Jesus, the Word, has come down from heaven to bring life and light to all people. Such elevated language. Most every professor of New Testament borrows the classic line from Clement of Alexandria, who labeled John “a more spiritual gospel.” Around the year 200, Clement named what other early Christians observed: John’s Gospel looks and sounds different than do Matthew, Mark, and Luke. John employs overtly metaphorical and symbolic language to describe Jesus to a degree the other gospels do not. Jesus is the Lamb of God, the Light of the World, the Good Shepherd, and the True Vine.

Nowhere than in this prologue do we encounter John’s distinctiveness in comparison to the other gospels. Mark launches with John the Baptist waiting for Jesus in the wilderness. Matthew links Jesus to the great story of Israel with a genealogy that winds through Abraham, David, and the Babylonian captivity. After a few words of introduction Luke lays out the story of Jesus’ infancy. Unlike Matthew and Luke, John includes no story of Jesus’ birth. Instead, John echoes the creation story: In the beginning was the Word. For John, the true story of Jesus begins beyond time and history. There’s no higher language for Jesus than this.

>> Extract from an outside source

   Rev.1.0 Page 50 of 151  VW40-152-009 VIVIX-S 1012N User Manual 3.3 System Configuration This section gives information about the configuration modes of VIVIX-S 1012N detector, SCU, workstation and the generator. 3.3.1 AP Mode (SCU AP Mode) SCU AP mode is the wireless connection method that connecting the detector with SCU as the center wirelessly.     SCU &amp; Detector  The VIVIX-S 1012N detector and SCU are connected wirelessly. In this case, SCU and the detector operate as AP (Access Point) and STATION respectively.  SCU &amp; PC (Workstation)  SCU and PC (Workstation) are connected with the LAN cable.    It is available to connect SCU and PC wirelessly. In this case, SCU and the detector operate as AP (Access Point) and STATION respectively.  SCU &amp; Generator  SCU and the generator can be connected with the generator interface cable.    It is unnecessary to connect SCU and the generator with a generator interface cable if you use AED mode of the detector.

Yet for all its loftiness, John’s prologue also features hints of trouble. Yes, “the light shines in the darkness,” but why do we need to say that “the darkness did not overcome it” (1:5)? Yes, John the Baptist testified to Jesus, but need we insist that “He himself was not the light” (1:8)? Jesus has entered the world, but isn’t it sad that “the world did not know him” (1:10) and “his own people did not accept him” (1:12)? This gospel reaches beyond the stars, but pain and disappointment very much tie it to this earth.

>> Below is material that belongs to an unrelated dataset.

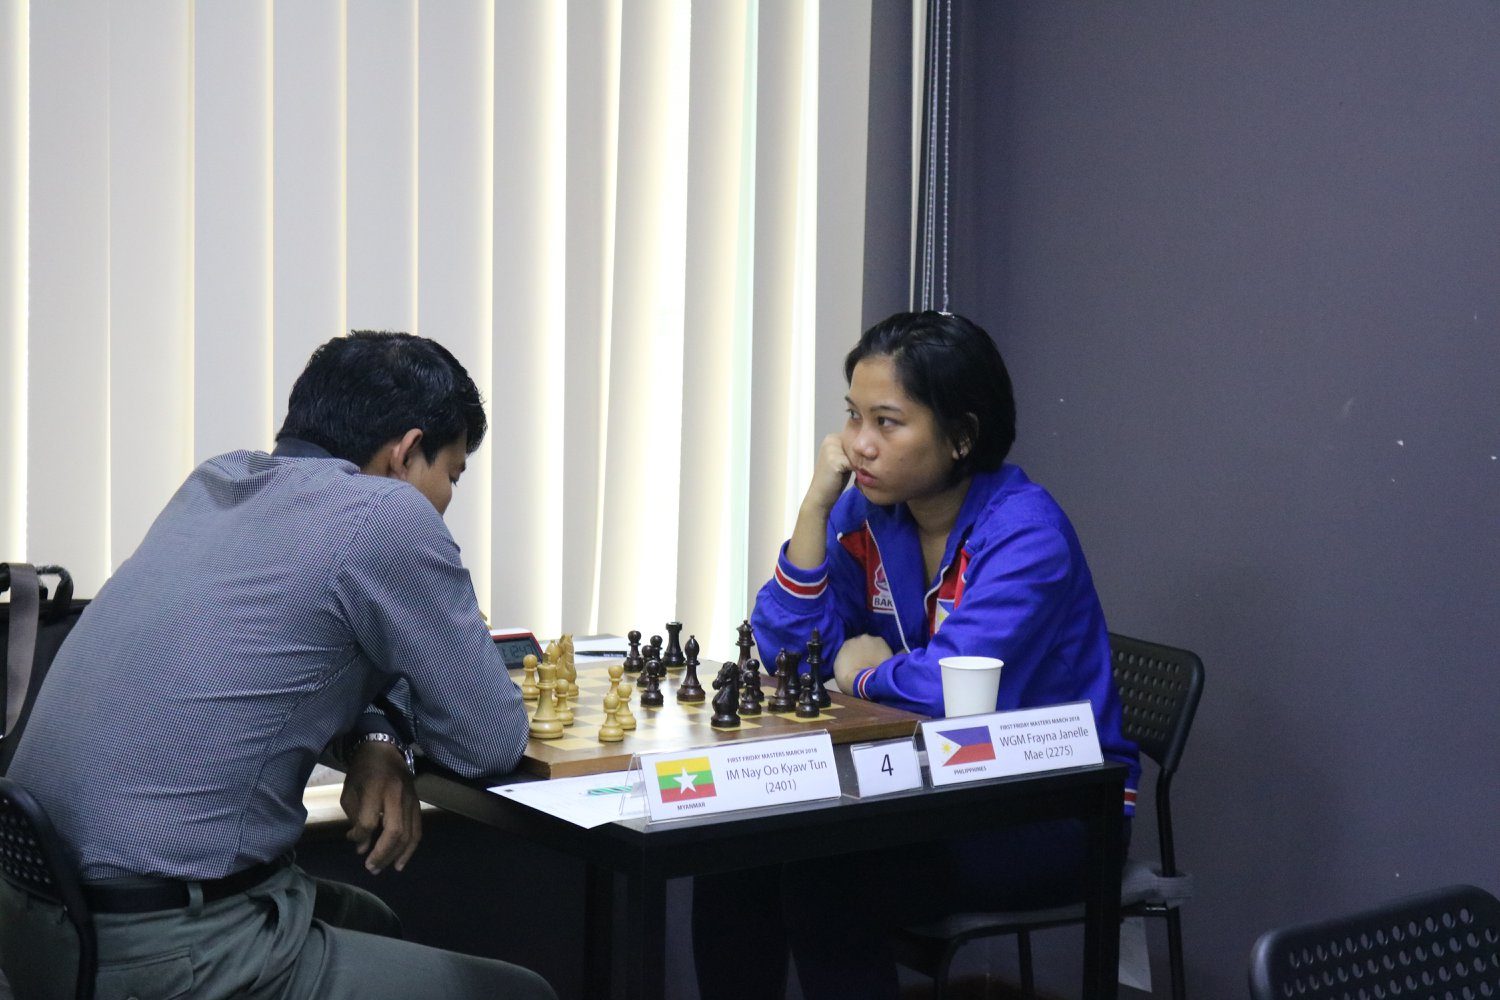 Janelle Mae Frayna ends up 4th in Malaysia after costly final round draw

Underneath John’s story lies a profound question. If it’s true that the very word of God “became flesh and lived among us,” how can it be that people don’t believe? Throughout John’s narrative, we encounter this deep disappointment. “Are you a teacher of Israel, and yet you do not understand these things?” (3:10). “If I tell the truth, why do you not believe me?” (8:46). “If the world hates you, be aware that it hated me before it hated you” (15:18). Disappointment time and again.

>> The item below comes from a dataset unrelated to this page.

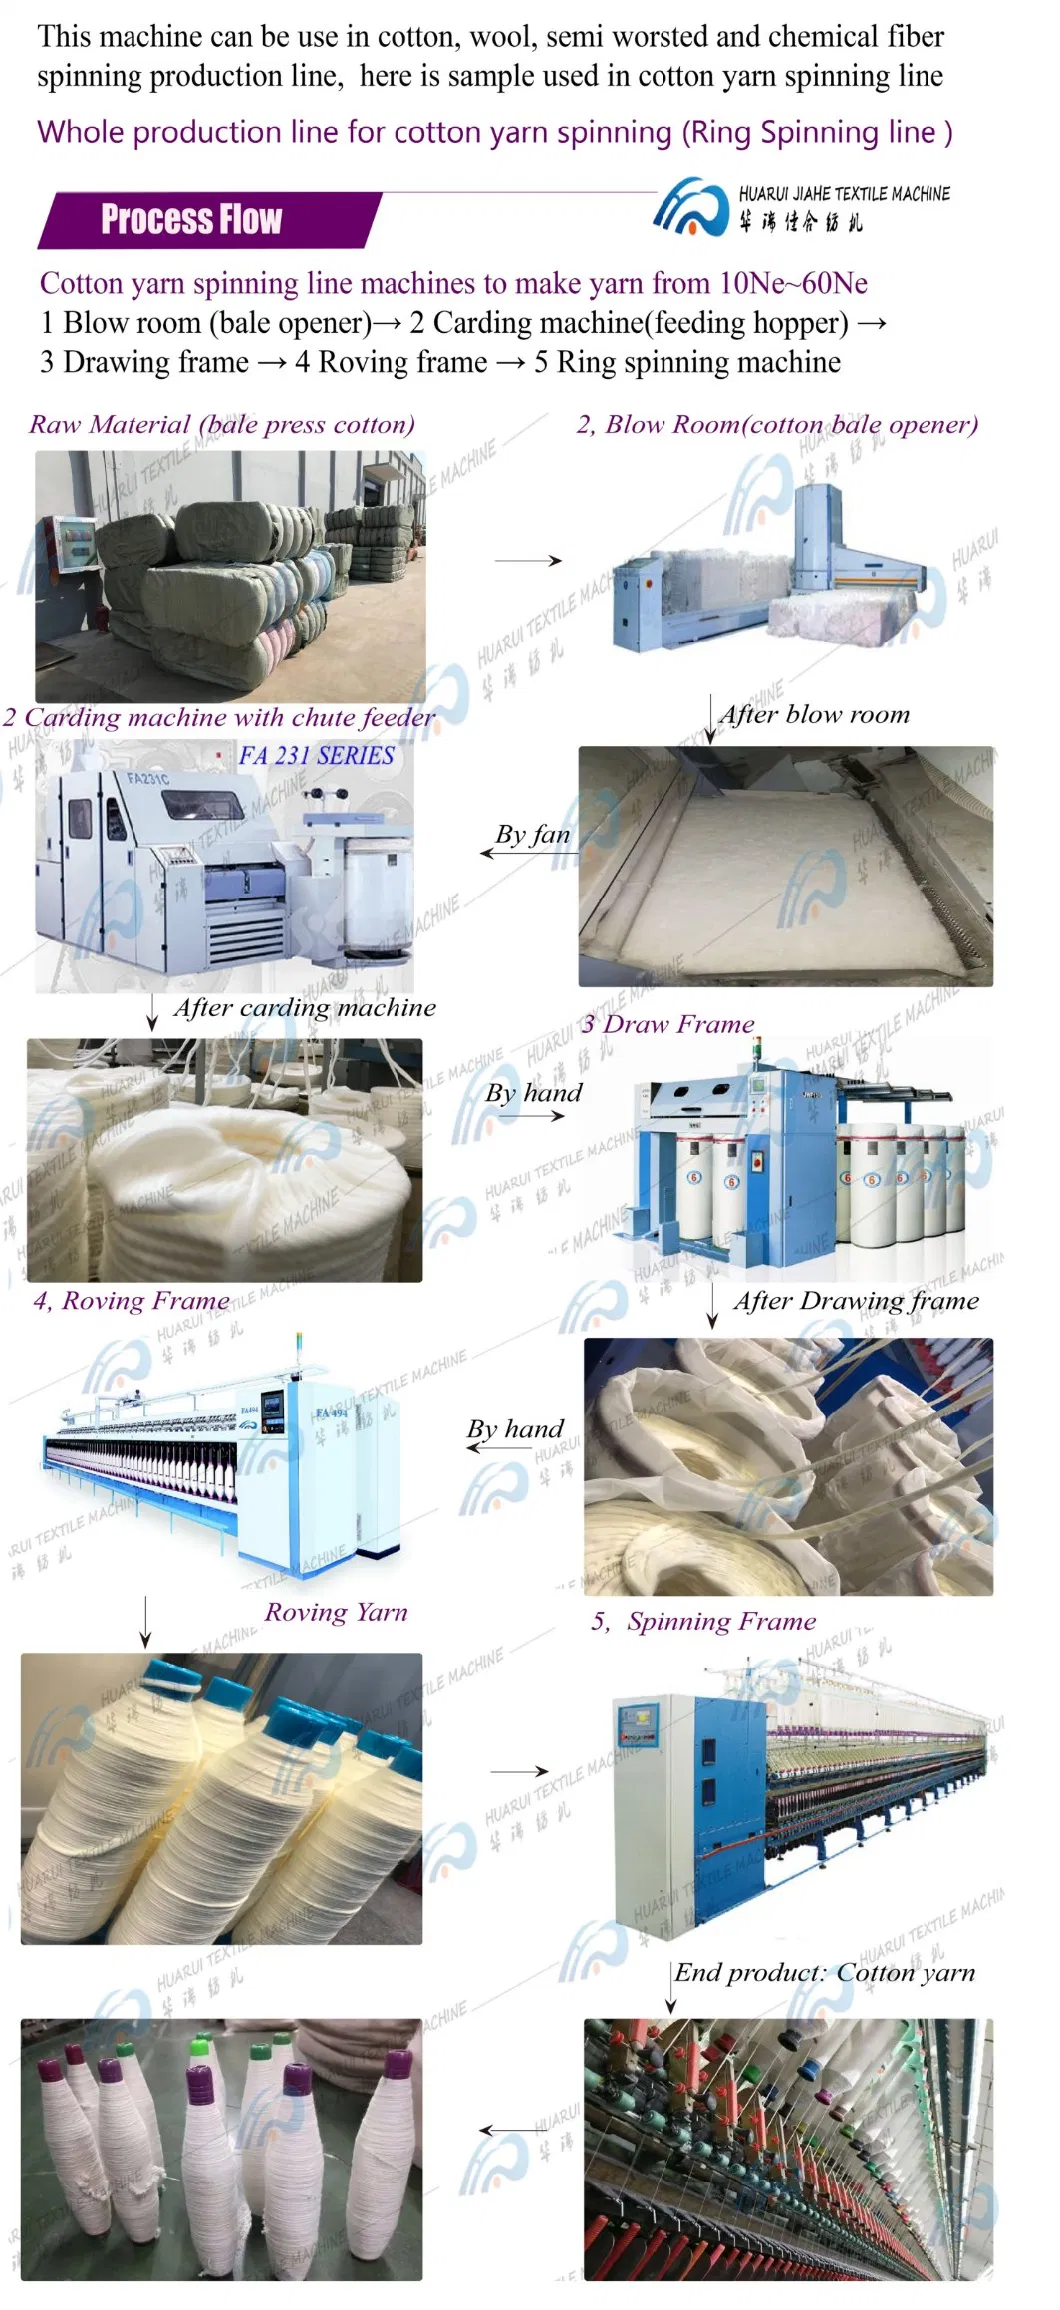 Better Dyeing Machine, Cone Yarn, Hank Cotton, Polyester and Woolen Yarn Dual-Purpose Dryer Made in China

I’m suggesting that outrage rises from our disappointment. Certain values earn our allegiance, and we cannot understand — we truly don’t understand — how someone else could possibly disagree. If 53 percent of Americans believe race relations have deteriorated during the Obama presidency, is that due to failings on the part of the president or because of the racism embedded in our society? Only 15 percent of us are happy with Congress — but that doesn’t mean we agree on what Congress should be doing. We get the Congress we elect. Just over half of us believe global warming is happening — what on earth is going on with those who don’t? No wonder we’re angry — we care about all these things, but we don’t agree.

WATCH: 5 Things on the Minds of Americans

Disappointment is inevitable when things don’t go as we think they should. But outrage? We can do something about outrage. John’s prologue invites us to another way. These verses do not deny disappointment. They respond to disappointment with testimony — the world may not get it, but God has come to us. Many disbelieve, but we have seen God’s glory. No one has seen God, but Jesus shows us what God is about. In an age of real worry and anxiety, we celebrate. Instead of outrage, we testify. God has come to us in Jesus Christ and brought us life and healing.